Beim Salamander ist Feuer am Dach

Dem Feuersalamander geht es in Tirol nicht überall gut. Landschaftsveränderungen machen ihm das Leben schwer. Jetzt droht auch noch ein tödlicher Pilz.

© iStockphoto



Im Wald, wenn es kühl ist und regnet, schlagen sich Florian Glaser und Gerda Ludwig die Nächte um die Ohren. Unweigerlich drängt sich das mysteriöse und spannungsgeladene Stimmungsbild eines Krimis auf. Ganz so abwegig ist das gar nicht.

Nur, dass die beiden Biologen nicht nach einem Straftäter jagen. Sie wollen ein possierliches Tierchen aufspüren, das selten geworden ist in Tirol – den Feuersalamander. Der „Salamanderfresserpilz“ (Batrachochytrium salamandrivorans) droht auf die heimischen Salamander überzugreifen, nachdem er in den Niederlanden und Belgien bereits ganze Populationen dahingerafft hat. Inzwischen ist der Pilz in Deutschland angekommen.

Wenn das Wetter so mies ist, dass man keinen Hund vor die Tür schicken will, dann stehen die Chancen noch am besten, die nachtaktiven Amphibien aufzuspüren, wenn sie über den Waldboden krabbeln. „Es kann schon vorkommen, dass wir zu zweit in einer ganzen Nacht nur einen Feuersalamander finden“, erzählt Glaser, der im vergangenen Jahr mit dem Projekt Feuersalamandersuche in Tirol begonnen hat. „Wir haben nicht viel über den Salamander in Tirol gewusst und wollten seine Verbreitungs- und Gefährdungssituation klären. Dazu haben wir auch ein kleines Citizen Science-Projekt ausgerufen.“ Menschen, die viel im Wald zu tun haben, sollten melden, wenn ihnen ein Feuersalamander begegnet.

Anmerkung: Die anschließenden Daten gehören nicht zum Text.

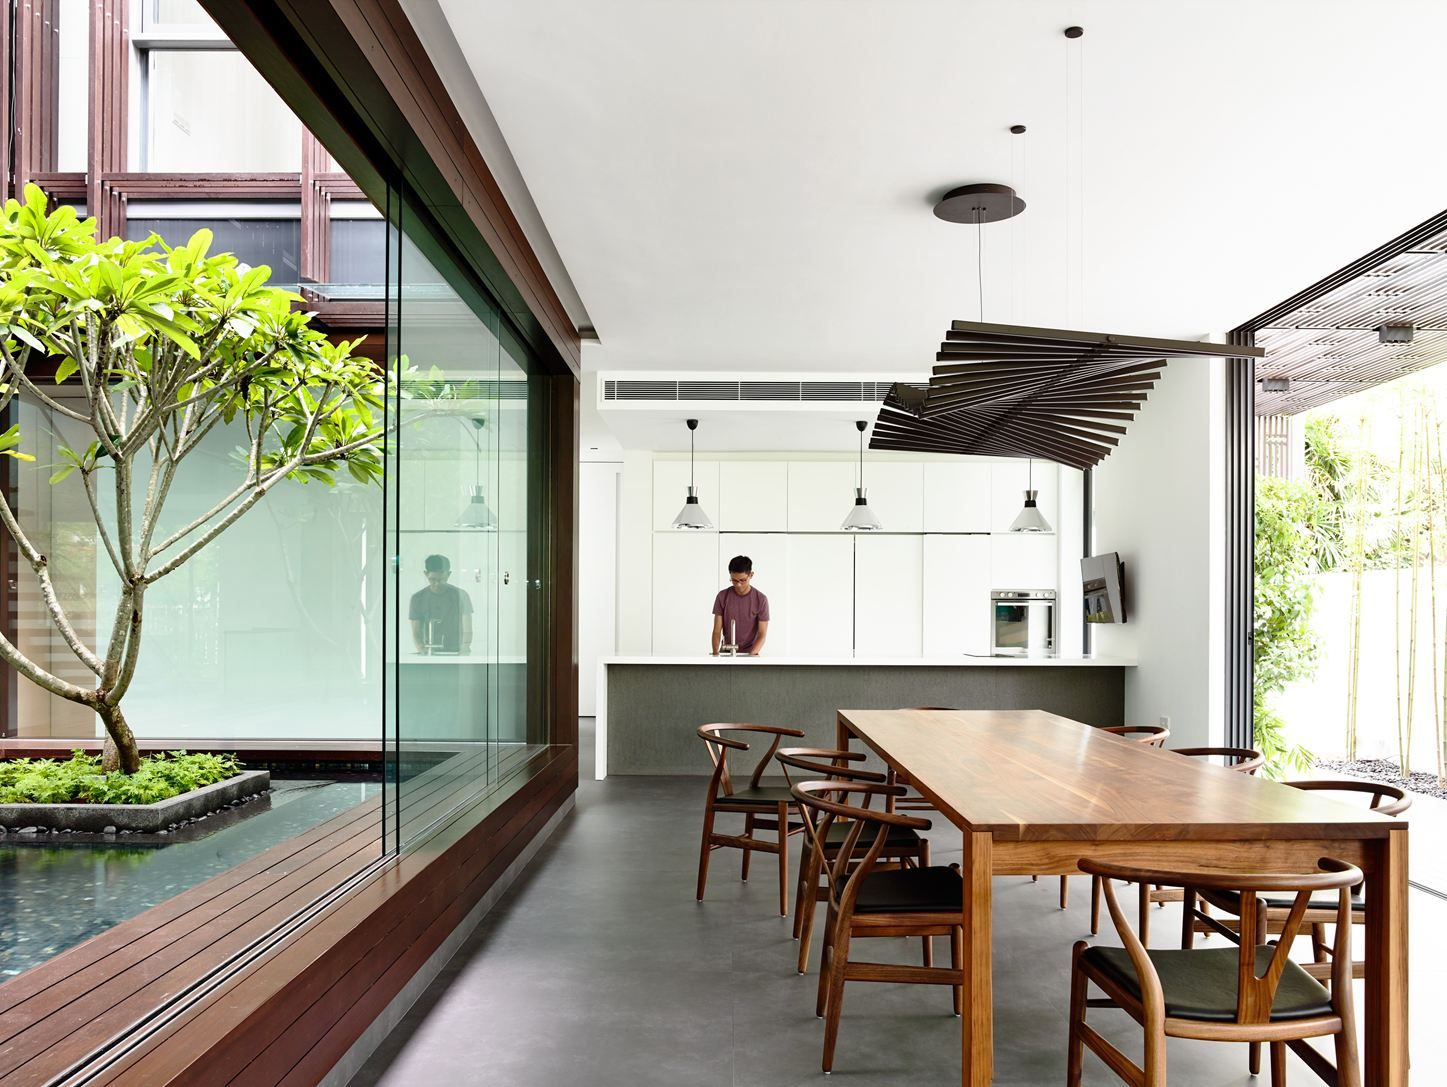 Best De Eetkamer Borne Images - Modern Design Ideas ...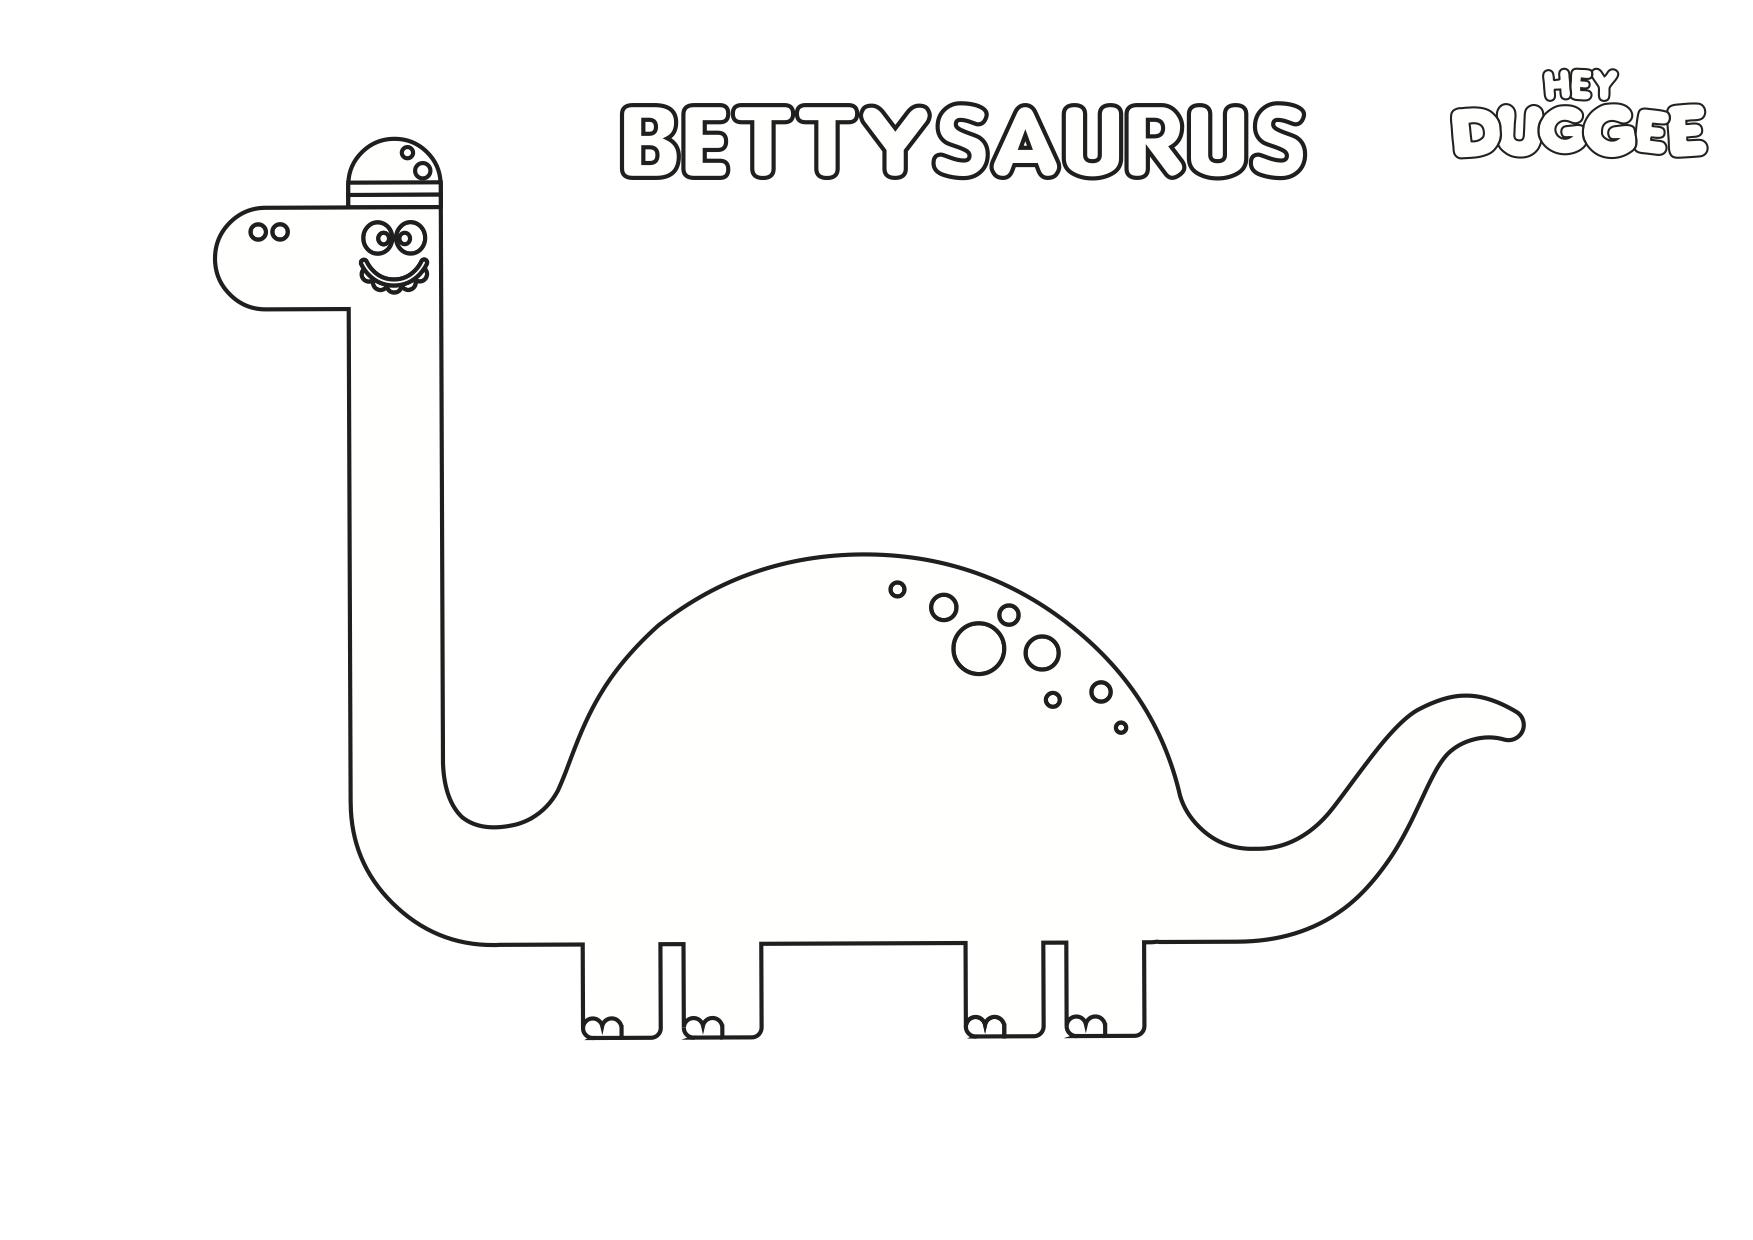 Bettysaurus

Gleichzeitig haben sich Glaser und Ludwig aber auch an einem Monitoringprojekt beteiligt, das von Doris Preininger vom Tiergarten Schönbrunn in Wien und dem Alpenzoo Innsbruck koordiniert wird. „Der Pilz ist fatal und bedroht die Populationen massiv. Die Gefahr ist hoch“, verdeutlicht auch die Wiener Biologin. Sie erklärt: „Wir beproben lebende Feuersalamander, indem wir mit einem Tupfer die Bauchseite und die Beine abstreichen. Wir wiegen sie und messen sie. Wir sekkieren sie also nur ein bisserl, lassen sie dann aber wieder frei.“ Die DNA-Auswertung übernimmt die Veterinärmedizinische Uni in Wien.

Obwohl 2016 noch großes Aufatmen angesagt war – es wurde keine DNA des fiesen Batrachochytrium salamandrivorans nachgewiesen –, soll das Projekt nun ausgedehnt werden. Haben sich Glaser und Ludwig letztes Jahr noch auf Tirol und Preininger auf die Salamandersammlung im Wiener Wald konzentriert, wird das Monitoring heuer auf Salzburg, Vorarlberg und Kärnten ausgedehnt. Die Österreichische Zoo-Organisation finanziert 2017 die Aktion. Im Vorjahr übernahm der Tiroler Naturschutzfond die Kosten in Tirol.

Heuer nimmt Glaser auch Abstriche vom Alpensalamander. „Wir wissen noch überhaupt nicht, wie der Alpensalamander auf den Pilz reagiert, doch er scheint genauso gefährdet zu sein. Der schwarze Alpensalamander ist ein Wahrzeichen von Tirol genauso wie der Steinbock“, sagt er. Es wäre ein dramatischer Diversitätsverlust, wenn Tirol durch den tödlichen Pilz gleich zwei Arten verlieren würde.

Um die steht es im Land nämlich ohnehin nicht mehr so gut. „Der Feuersalamander lebt nur in den Bezirken Schwaz, Kufstein, Kitzbühel und Lienz. Berichte über ein Vorkommen im Oberland sind bisher nur unbestätigte Gerüchte“, so Glaser. Vor allem in den Bezirken Schwaz, Kitzbühel und Lienz gibt es Anzeichen für zurückgegangene Bestände. Grund dafür sind Eingriffe in ihren Lebensraum.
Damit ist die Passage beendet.